:: Extracted entries ::

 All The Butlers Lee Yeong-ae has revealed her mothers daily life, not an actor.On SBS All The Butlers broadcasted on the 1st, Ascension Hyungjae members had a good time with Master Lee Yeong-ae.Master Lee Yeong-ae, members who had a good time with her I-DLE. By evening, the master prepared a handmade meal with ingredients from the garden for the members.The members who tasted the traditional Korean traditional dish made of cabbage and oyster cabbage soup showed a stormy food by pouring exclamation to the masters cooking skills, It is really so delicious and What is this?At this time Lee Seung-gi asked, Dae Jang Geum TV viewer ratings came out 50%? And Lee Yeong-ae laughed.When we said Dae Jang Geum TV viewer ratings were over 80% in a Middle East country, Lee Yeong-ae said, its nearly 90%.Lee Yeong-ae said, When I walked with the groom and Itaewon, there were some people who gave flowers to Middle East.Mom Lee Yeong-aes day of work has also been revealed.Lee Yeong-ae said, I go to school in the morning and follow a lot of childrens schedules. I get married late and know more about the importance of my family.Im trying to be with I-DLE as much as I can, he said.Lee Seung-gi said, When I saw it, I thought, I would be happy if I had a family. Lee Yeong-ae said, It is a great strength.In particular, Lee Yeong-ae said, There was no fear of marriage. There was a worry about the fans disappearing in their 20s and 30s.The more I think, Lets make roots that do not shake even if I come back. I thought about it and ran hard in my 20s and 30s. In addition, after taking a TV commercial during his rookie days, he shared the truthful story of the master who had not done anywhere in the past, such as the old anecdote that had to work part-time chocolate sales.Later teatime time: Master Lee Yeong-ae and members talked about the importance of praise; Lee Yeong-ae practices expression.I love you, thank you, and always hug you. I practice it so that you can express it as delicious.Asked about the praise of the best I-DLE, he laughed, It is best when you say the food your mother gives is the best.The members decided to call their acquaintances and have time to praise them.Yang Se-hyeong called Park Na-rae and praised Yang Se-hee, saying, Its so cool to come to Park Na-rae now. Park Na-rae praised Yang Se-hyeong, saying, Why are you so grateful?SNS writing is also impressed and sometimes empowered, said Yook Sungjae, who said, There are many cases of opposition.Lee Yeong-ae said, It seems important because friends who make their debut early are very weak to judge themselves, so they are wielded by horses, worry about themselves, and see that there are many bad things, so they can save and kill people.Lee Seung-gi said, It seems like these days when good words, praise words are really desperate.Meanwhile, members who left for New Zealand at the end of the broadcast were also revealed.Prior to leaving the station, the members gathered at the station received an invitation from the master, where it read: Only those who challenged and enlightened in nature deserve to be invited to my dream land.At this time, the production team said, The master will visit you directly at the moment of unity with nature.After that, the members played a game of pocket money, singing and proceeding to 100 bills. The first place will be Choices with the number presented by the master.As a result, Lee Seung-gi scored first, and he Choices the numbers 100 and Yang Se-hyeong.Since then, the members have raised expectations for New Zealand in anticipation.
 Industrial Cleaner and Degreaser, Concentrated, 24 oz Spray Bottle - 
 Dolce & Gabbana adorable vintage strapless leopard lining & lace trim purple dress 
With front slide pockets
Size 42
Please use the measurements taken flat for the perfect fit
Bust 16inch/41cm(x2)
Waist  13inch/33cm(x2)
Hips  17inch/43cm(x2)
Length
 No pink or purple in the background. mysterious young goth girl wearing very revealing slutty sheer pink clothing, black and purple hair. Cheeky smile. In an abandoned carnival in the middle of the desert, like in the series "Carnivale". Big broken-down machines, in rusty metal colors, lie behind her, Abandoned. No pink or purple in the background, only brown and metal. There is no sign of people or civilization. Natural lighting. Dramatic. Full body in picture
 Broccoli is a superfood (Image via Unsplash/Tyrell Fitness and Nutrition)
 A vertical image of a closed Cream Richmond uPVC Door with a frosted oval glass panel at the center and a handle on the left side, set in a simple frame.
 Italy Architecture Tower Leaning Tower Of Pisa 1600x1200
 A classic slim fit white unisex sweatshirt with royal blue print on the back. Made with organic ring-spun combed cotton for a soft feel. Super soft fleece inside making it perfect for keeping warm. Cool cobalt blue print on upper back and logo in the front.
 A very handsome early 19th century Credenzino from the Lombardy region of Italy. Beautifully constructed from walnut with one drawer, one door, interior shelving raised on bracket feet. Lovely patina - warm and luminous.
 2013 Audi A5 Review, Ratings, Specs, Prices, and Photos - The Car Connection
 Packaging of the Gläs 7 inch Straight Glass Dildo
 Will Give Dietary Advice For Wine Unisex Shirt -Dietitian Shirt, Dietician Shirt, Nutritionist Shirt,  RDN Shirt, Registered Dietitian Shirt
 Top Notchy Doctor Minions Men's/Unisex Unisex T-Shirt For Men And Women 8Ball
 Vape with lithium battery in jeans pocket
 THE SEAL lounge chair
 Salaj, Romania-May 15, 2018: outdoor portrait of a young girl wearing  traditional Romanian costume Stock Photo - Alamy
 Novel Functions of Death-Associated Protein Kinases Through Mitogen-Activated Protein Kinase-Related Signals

:::

• Brief: Your reply should hold all the entries, each repeated without a single change.

• Result below:
 All The Butlers Lee Yeong-ae has revealed her mothers daily life, not an actor.On SBS All The Butlers broadcasted on the 1st, Ascension Hyungjae members had a good time with Master Lee Yeong-ae.Master Lee Yeong-ae, members who had a good time with her I-DLE. By evening, the master prepared a handmade meal with ingredients from the garden for the members.The members who tasted the traditional Korean traditional dish made of cabbage and oyster cabbage soup showed a stormy food by pouring exclamation to the masters cooking skills, It is really so delicious and What is this?At this time Lee Seung-gi asked, Dae Jang Geum TV viewer ratings came out 50%? And Lee Yeong-ae laughed.When we said Dae Jang Geum TV viewer ratings were over 80% in a Middle East country, Lee Yeong-ae said, its nearly 90%.Lee Yeong-ae said, When I walked with the groom and Itaewon, there were some people who gave flowers to Middle East.Mom Lee Yeong-aes day of work has also been revealed.Lee Yeong-ae said, I go to school in the morning and follow a lot of childrens schedules. I get married late and know more about the importance of my family.Im trying to be with I-DLE as much as I can, he said.Lee Seung-gi said, When I saw it, I thought, I would be happy if I had a family. Lee Yeong-ae said, It is a great strength.In particular, Lee Yeong-ae said, There was no fear of marriage. There was a worry about the fans disappearing in their 20s and 30s.The more I think, Lets make roots that do not shake even if I come back. I thought about it and ran hard in my 20s and 30s. In addition, after taking a TV commercial during his rookie days, he shared the truthful story of the master who had not done anywhere in the past, such as the old anecdote that had to work part-time chocolate sales.Later teatime time: Master Lee Yeong-ae and members talked about the importance of praise; Lee Yeong-ae practices expression.I love you, thank you, and always hug you. I practice it so that you can express it as delicious.Asked about the praise of the best I-DLE, he laughed, It is best when you say the food your mother gives is the best.The members decided to call their acquaintances and have time to praise them.Yang Se-hyeong called Park Na-rae and praised Yang Se-hee, saying, Its so cool to come to Park Na-rae now. Park Na-rae praised Yang Se-hyeong, saying, Why are you so grateful?SNS writing is also impressed and sometimes empowered, said Yook Sungjae, who said, There are many cases of opposition.Lee Yeong-ae said, It seems important because friends who make their debut early are very weak to judge themselves, so they are wielded by horses, worry about themselves, and see that there are many bad things, so they can save and kill people.Lee Seung-gi said, It seems like these days when good words, praise words are really desperate.Meanwhile, members who left for New Zealand at the end of the broadcast were also revealed.Prior to leaving the station, the members gathered at the station received an invitation from the master, where it read: Only those who challenged and enlightened in nature deserve to be invited to my dream land.At this time, the production team said, The master will visit you directly at the moment of unity with nature.After that, the members played a game of pocket money, singing and proceeding to 100 bills. The first place will be Choices with the number presented by the master.As a result, Lee Seung-gi scored first, and he Choices the numbers 100 and Yang Se-hyeong.Since then, the members have raised expectations for New Zealand in anticipation.
 Industrial Cleaner and Degreaser, Concentrated, 24 oz Spray Bottle - 
 Dolce & Gabbana adorable vintage strapless leopard lining & lace trim purple dress 
With front slide pockets
Size 42
Please use the measurements taken flat for the perfect fit
Bust 16inch/41cm(x2)
Waist  13inch/33cm(x2)
Hips  17inch/43cm(x2)
Length
 No pink or purple in the background. mysterious young goth girl wearing very revealing slutty sheer pink clothing, black and purple hair. Cheeky smile. In an abandoned carnival in the middle of the desert, like in the series "Carnivale". Big broken-down machines, in rusty metal colors, lie behind her, Abandoned. No pink or purple in the background, only brown and metal. There is no sign of people or civilization. Natural lighting. Dramatic. Full body in picture
 Broccoli is a superfood (Image via Unsplash/Tyrell Fitness and Nutrition)
 A vertical image of a closed Cream Richmond uPVC Door with a frosted oval glass panel at the center and a handle on the left side, set in a simple frame.
 Italy Architecture Tower Leaning Tower Of Pisa 1600x1200
 A classic slim fit white unisex sweatshirt with royal blue print on the back. Made with organic ring-spun combed cotton for a soft feel. Super soft fleece inside making it perfect for keeping warm. Cool cobalt blue print on upper back and logo in the front.
 A very handsome early 19th century Credenzino from the Lombardy region of Italy. Beautifully constructed from walnut with one drawer, one door, interior shelving raised on bracket feet. Lovely patina - warm and luminous.
 2013 Audi A5 Review, Ratings, Specs, Prices, and Photos - The Car Connection
 Packaging of the Gläs 7 inch Straight Glass Dildo
 Will Give Dietary Advice For Wine Unisex Shirt -Dietitian Shirt, Dietician Shirt, Nutritionist Shirt,  RDN Shirt, Registered Dietitian Shirt
 Top Notchy Doctor Minions Men's/Unisex Unisex T-Shirt For Men And Women 8Ball
 Vape with lithium battery in jeans pocket
 THE SEAL lounge chair
 Salaj, Romania-May 15, 2018: outdoor portrait of a young girl wearing  traditional Romanian costume Stock Photo - Alamy
 Novel Functions of Death-Associated Protein Kinases Through Mitogen-Activated Protein Kinase-Related Signals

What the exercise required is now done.